The most amazing coin treasures uncovered in 2021

The rare gold leopard coin, which was minted in 1344.
The rare gold leopard coin, which was minted in 1344. (Image credit: CC BY 2.0)

Saving for a rainy day is not a new idea. In 2021, archaeologists turned up a whole horde of hoards: stashes of coins and other valuables left behind for whatever reason and never used again. These treasures turned up in a Polish cornfield, in a meadow in New England, in a town in Denmark. They were left by royals, pirates, chieftains and people who will forever remain anonymous. 
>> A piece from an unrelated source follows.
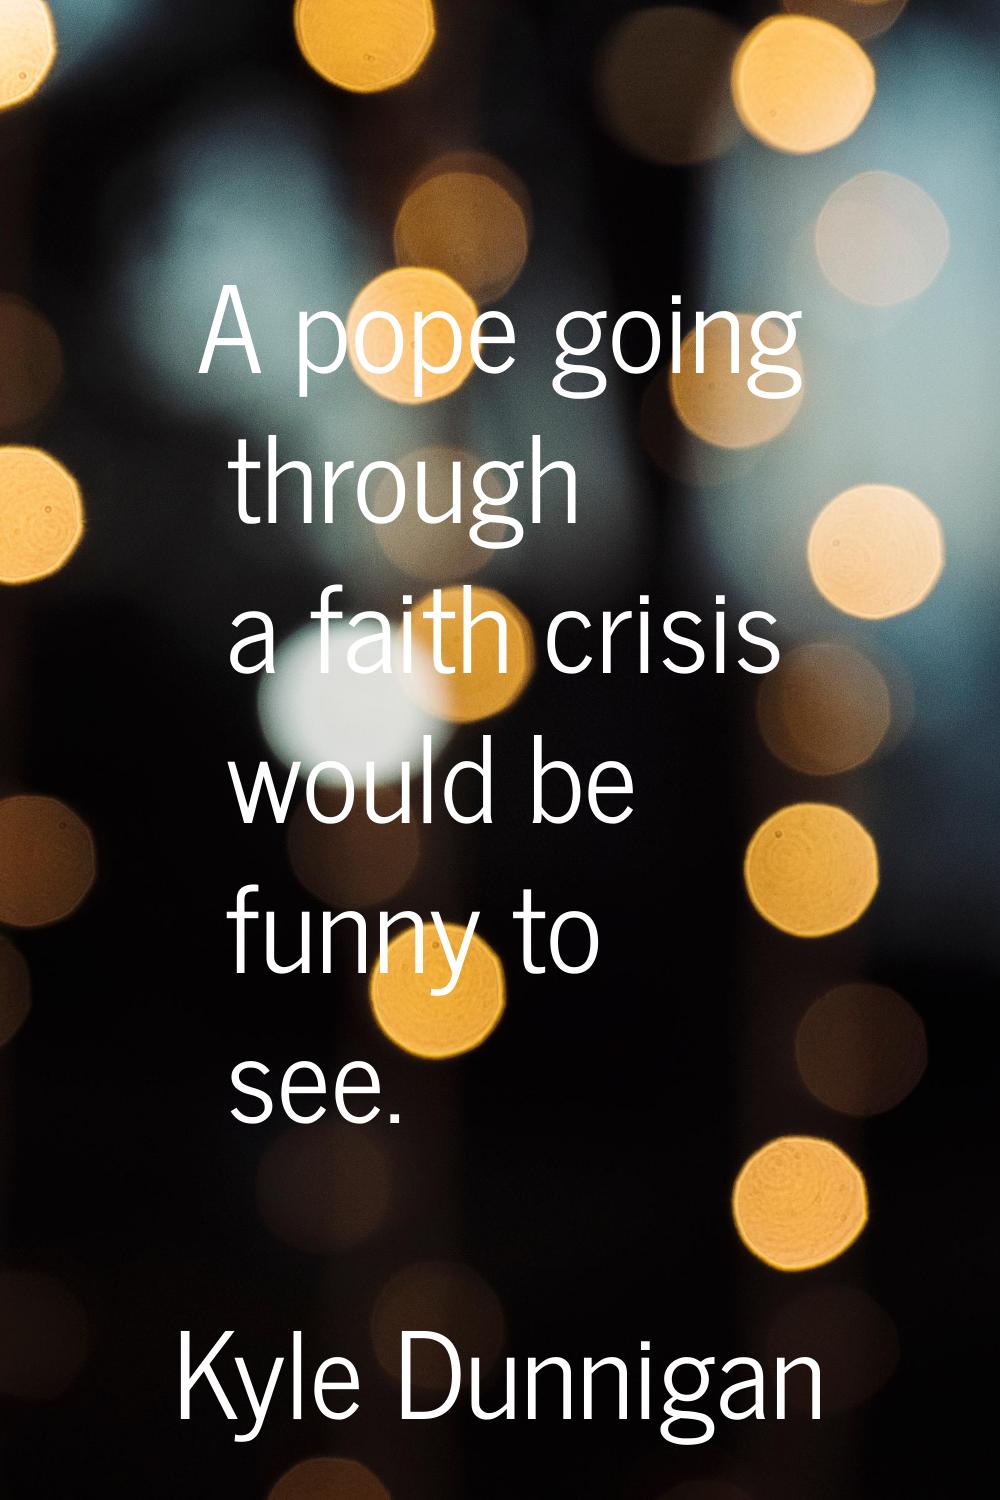 A pope going through a faith crisis would be funny to see.

Many of these hoards were discovered by lucky amateurs with metal detectors or sharp eyes. Some date back as far as 1,500 years. From good luck pennies to the biggest Anglo Saxon hoard ever found, here were some of the year's most noticeable treasure troves.

Medieval gold coins and rings from a Polish cornfield

The medieval hoard contained thousands of silver coins and ingots. (Image credit: Adam Kędzierski)

In 1935, the biggest hoard of coins from the Middle Ages ever found in Poland was unearthed in the village of Słuszków. In late 2020, a visitor returned to the town to learn more about that hoard, and they ended up finding another one. 

Adam Kędzierski, an archaeologist at the Institute of Archaeology and Ethnology at the Polish Academy of Sciences, found the treasure trove of gold rings, silver ingots and silver coins after a tip from a local priest led him to a cornfield. There, he found a ceramic vessel full of buried treasure. The riches date back to 1105, and they may have belonged to Poland's first royal family. One of the gold rings is engraved "Lord, may you help your servant Maria," in Cyrillic, and might have been worn by Dobroniega Maria, a daughter of the Prince of Kiev, Vladimir the Great, Prince of Kiev, who was married to the Polish price Casimir the Restorer. 

Read more: 6,500 medieval coins and rare gold rings unearthed in Polish cornfield

Roman-era silver coins in Turkey

Archaeologists in Turkey discovered 651 silver coins in a jug. (Image credit: Aizanoi Excavation Archive)

Some 2,100 years ago, a high-ranking Roman soldier knelt by a stream in what is today Turkey and buried a cache of 651 silver coins. 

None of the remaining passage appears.